I have a python program that downloads article text and then turns it into a txt file. The program currently spits out the txt files in the directory the program is located in. I would like to arrange this text in folders specific to the news source they came from. Could I save the data in the folder in the python program itself and change the directory as the news source file changes? Or should I create a shell script that runs the python program inside the folder it needs to be in? Or is there a better way to sort these files that I am missing?
Here is the code of the Python program:
import feedparser
from goose import Goose
import urllib2
import codecs
url = "http://rss.cnn.com/rss/cnn_tech.rss"

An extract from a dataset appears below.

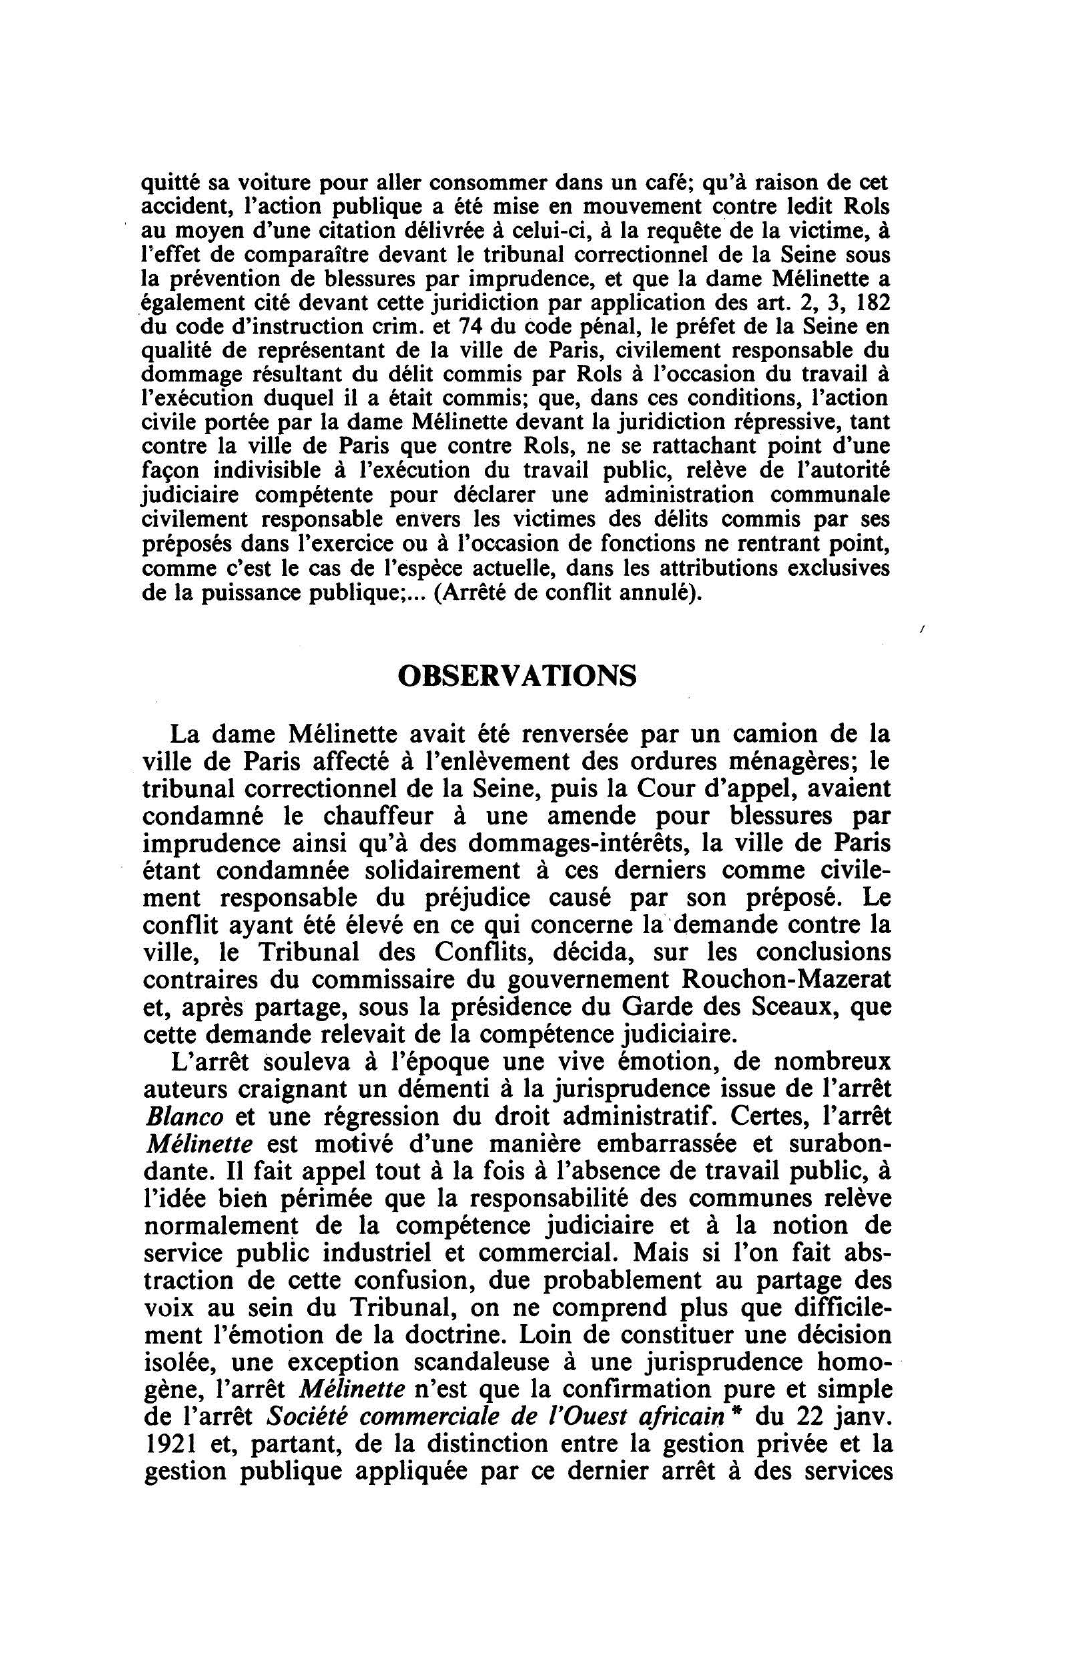 Prévisualisation du document COMPÉTENCE - SERVICES PUBLICS INDUSTRIELS ET COMMERCIAUX T. C. 11 juill. 1933, Dame MELINETTE, Rec. 1237, concl. Rouchon-Mazerat (S. 1933.3.97, note Alibert; D. 1933.3.65, concl. Rouchon-Mazerat, note Blaevoet; R.D.P. 1933.426, concl. Rouchon-Mazerat, note Jèze)

feed = feedparser.parse(url)
g = Goose()
entryLength = len(feed['entries'])
count = 0
while True:
article = g.extract(feed.entries[count]['link'])
title = article.title
text = article.cleaned_text
file = codecs.open(feed['entries'][count]['title'] + ".txt", 'w', encoding = 'utf-8')
file.write(text)
file.close()
count = count + 1
if count == entryLength:
break
If you only give your save functions filenames, they will save to the current directory. However, if you provide them with paths, your files will end up there. Python takes care of it.
folder = 'whatever' #the folder you wish to save the files in
name = 'somefilename.txt'
filename = os.path.join(folder, filename)
Using that filename will make the file end up in the folder 'whatever/'
Edit: I see you've posted your code now. As br1ckb0t mentioned in his comment below, in your code you could write something like codecs.open(folder + feed['entries'].... Make sure to append a slash to folder if you do that, or it'll just end up as part of the filename.